TOUCH: THE COMPLETE FIRST SEASON
MOVIE: *1/2 (out of 5)
DVD EXPERIENCE: ** (out of 5)
Kiefer Sutherland as MARTIN BOHM
Gugu Mbatha-Raw as CLEA HOPKINS
David Mazouz as JAKE BOHM
Created by: Tim Kring
Studio: 20th Century Fox
BY KEVIN CARR
Once Kiefer Sutherland’s popular series “24” ended a couple years ago, Hollywood has been scrambling to get another hit. The makers of “24” went on to produce the quite excellent series “Homeland.” Sutherland took a more down-to-earth turn with the new series “Touch.” The complete first season is now available on DVD and Blu-ray.
“Touch” tells a story of numerology. Sutherland plays Martin Bohm, a former reporter whose wife was killed in the 9/11 attacks. His son Jake (David Mazouz) has severe developmental issues. He doesn’t like to be touched, he doesn’t speak and he is obsessed with numbers. Eventually, Martin discovers that Jake sees patterns where others don’t. Jake uses numbers to communicate with his father, and soon they get swept up in a greater story which shows all things are connected.
Tim Kring of “Heroes” fame is the showrunner for “Touch.” And it shows.
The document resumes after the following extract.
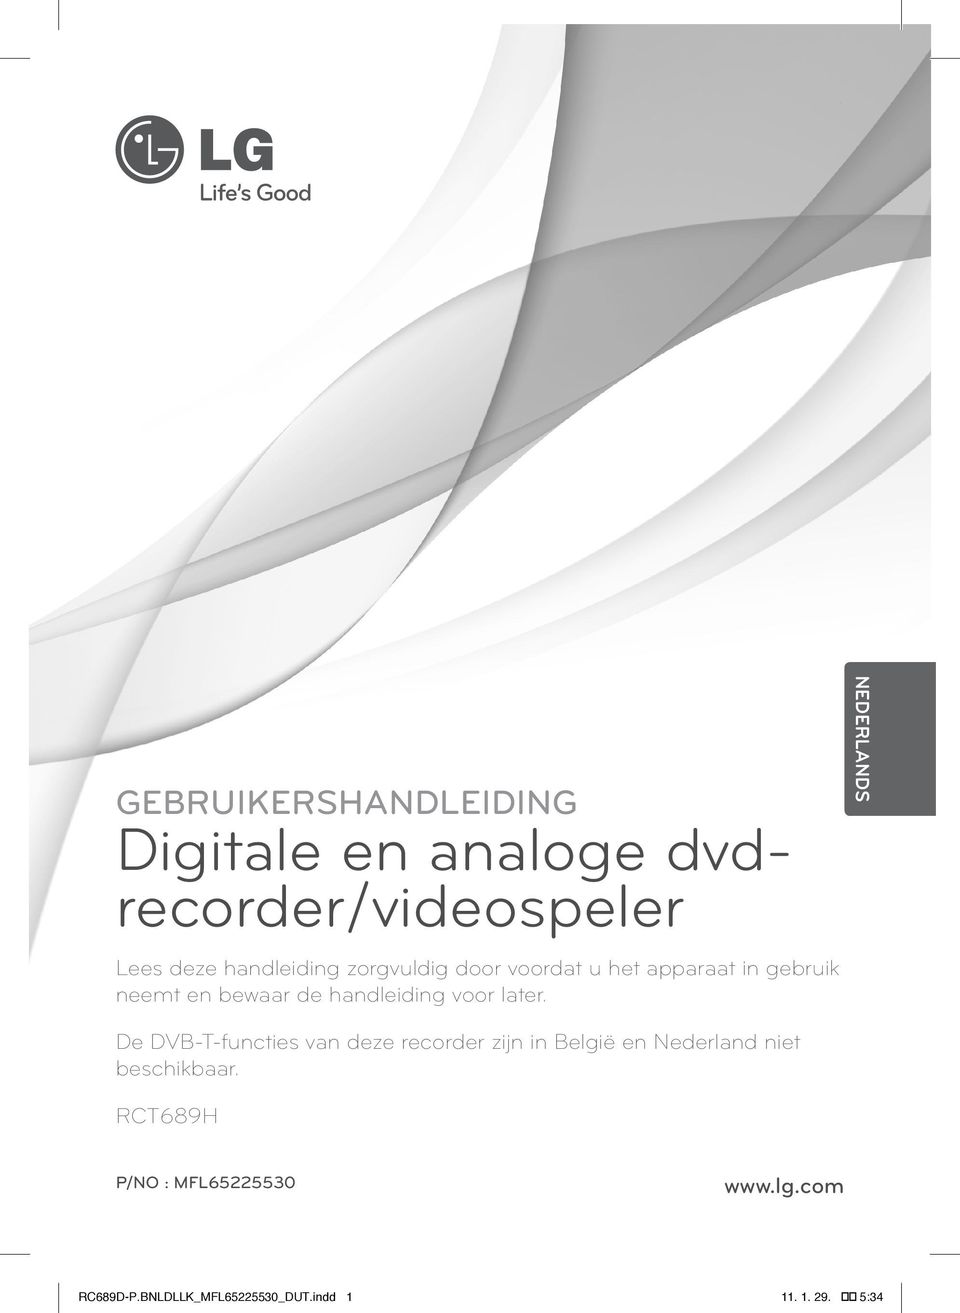 NEDERLANDS De DVB-T-functies van deze recorder zijn in België en Nederland niet beschikbaar.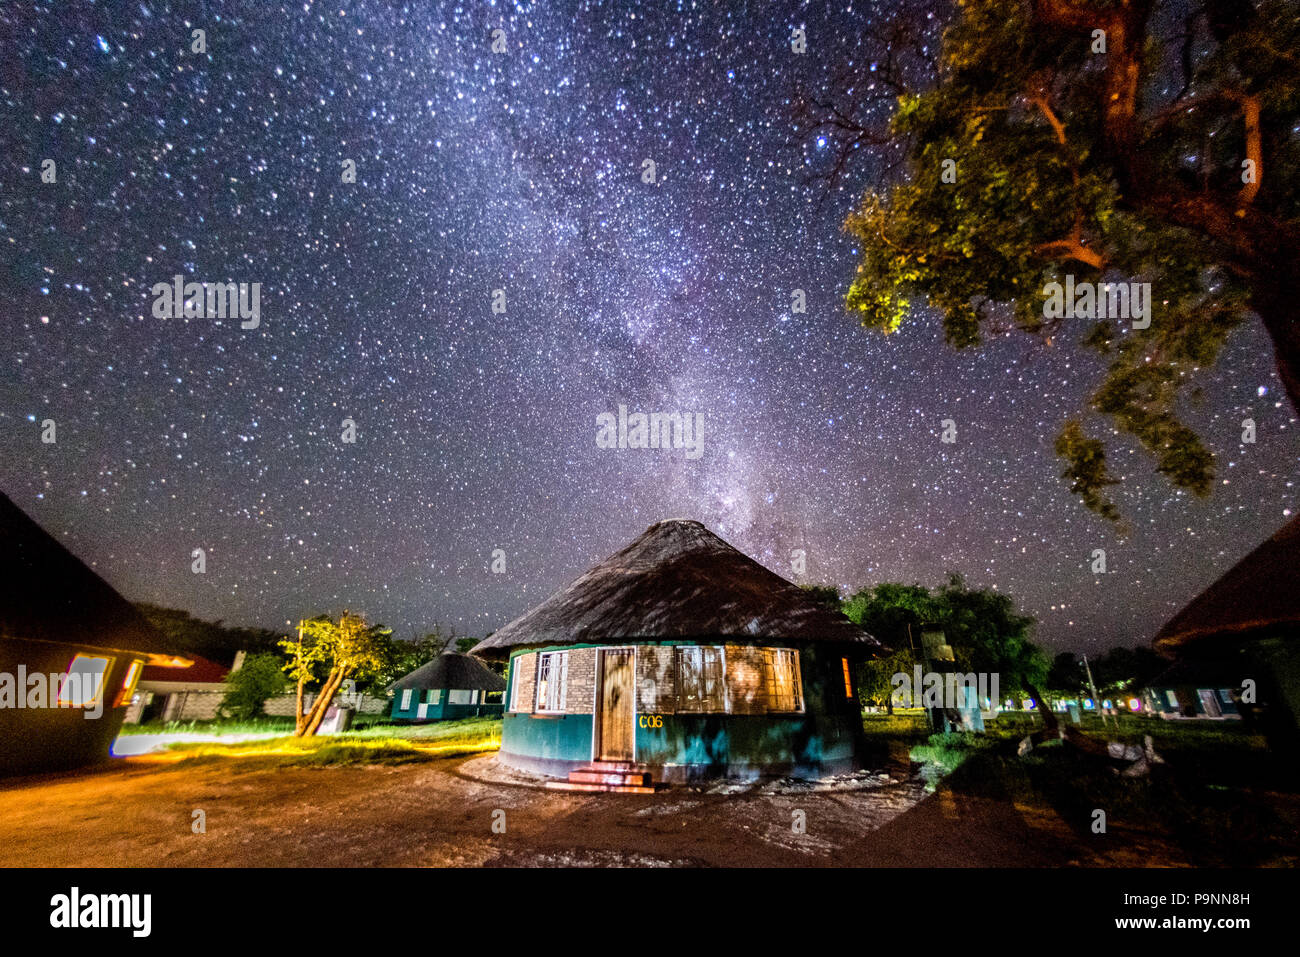 Die Nacht auf einem Campingplatz in den Hwange National Park bedeckt in Milliarden von Sternen. Hwange, Simbabwe Stockfoto

It shows with all the same problems that “Heroes” faced, especially as the series wore on past season two.
Like “Heroes,” “Touch” gets needlessly convoluted at times and often doesn’t make any pragmatic sense. It’s meant to show that things are all connected, but the numbers that bring people together aren’t relevant to anything and result from completely arbitrary and unrelated things.
“Touch” has some great people behind it, and it’s nice to see Sutherland working in a series again. However, he’s carrying all of his Jack Bauer baggage with him. He doesn’t do enough to differentiate the character than the one in “24,” often employing the same delivery and acting ticks that become confusing to the viewer.
But the real problem with “Touch” is that it’s just too far out there. Like “Heroes” in season four, this show tries to be oh-so-clever with twists and turns. However, it has a saccharine-sweet overly goopy sense of optimism that I found too hard to swallow.
Finally, as sensitive as I am to children with developmental disorders, and as good as it is for a show to raise awareness of individuals in the autistic spectrum, the obligatory writing of a child with this condition is quickly becoming exploitative and trite. Sensitivity is good. Cashing in on a trend is not.
The season one DVD comes with all eleven episodes on three discs. Special features include deleted scenes, an extended pilot episode, plus two featurettes: “Fate’s Equation” and “Touch the World.”